At the Defcon hacker conference next week, Alejandro Caceres and Jason Hopper plan to release—or, rather, to upgrade and re-release after a years-long hiatus—a tool called PunkSpider. Essentially a search engine that constantly crawls the entire web, PunkSpider automatically identifies hackable vulnerabilities in websites, and then allows anyone to search those results to find sites susceptible to everything from defacement to data leaks.

PunkSpider's creators say it will catalog hundreds of thousands of those unpatched vulnerabilities at launch, making all of them publicly accessible. Caceres and Hopper acknowledge that in doing so, their tool could potentially expose those sites to real-world attacks. But they hope that visibility will force the web's administrators to acknowledge that their websites contain simple, glaring, and in some cases dangerous flaws—and hopefully fix them.

The sort of web vulnerabilities that PunkSpider finds remain incredibly common, despite years of warnings. In January of last year, for instance, security researchers found that one such web vulnerability let anyone take over Fortnite accounts, and earlier this year another web bug allowed hacktivists to breach the right-wing social media site Gab and leak 70 gigabytes of its backend data. Both have since been patched. But Caceres argues that PunkSpider could spur web admins to finally fix those sorts of ubiquitous bugs before hackers abuse them.

"I thought, 'Wouldn’t it be cool if I could scan the entire web for vulnerabilities? And to make it even more fun, wouldn’t it be cool if I released all those vulnerabilities for free?'" says Caceres, who along with Hopper works as a researcher for cybersecurity startup QOMPLX. "I knew it was going to have some kind of implications. And after I started thinking about it, I really thought they might be good."

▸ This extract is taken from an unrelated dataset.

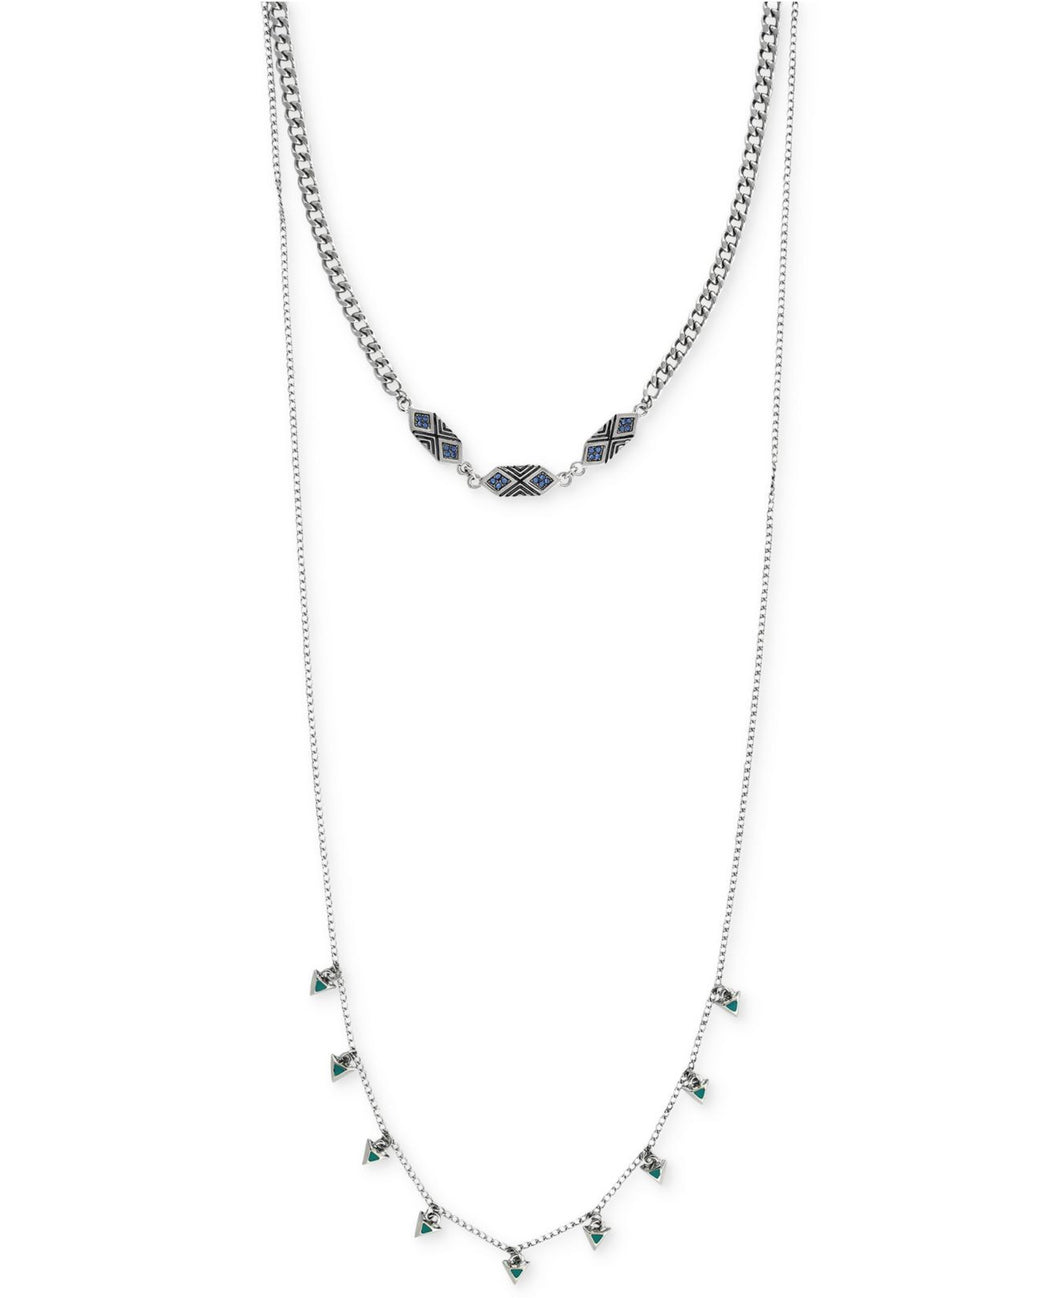 BCBGeneration Women's Metallic Silver-tone Geometric Accent High-low Necklace

PunkSpider will automatically scan and "fuzz" sites for seven kinds of exploitable bug, repeatedly trying variations of common hacking methods to check if a site is vulnerable. That list includes SQL injection vulnerabilities that allow hackers to enter commands into user input fields on a website, sometimes causing it to spill the contents of its backend databases; cross-site scripting vulnerabilities that let hackers craft malicious links that, when a user clicks on them, load an altered version of the website that can be used for phishing or serving up malware; and path traversal vulnerabilities, in which a hacker can mess with a site's URL to read or write sensitive files on the server that hosts it. All those vulnerabilities are generally considered low-hanging fruit in the hacker world, but still persist in vast swaths of the web.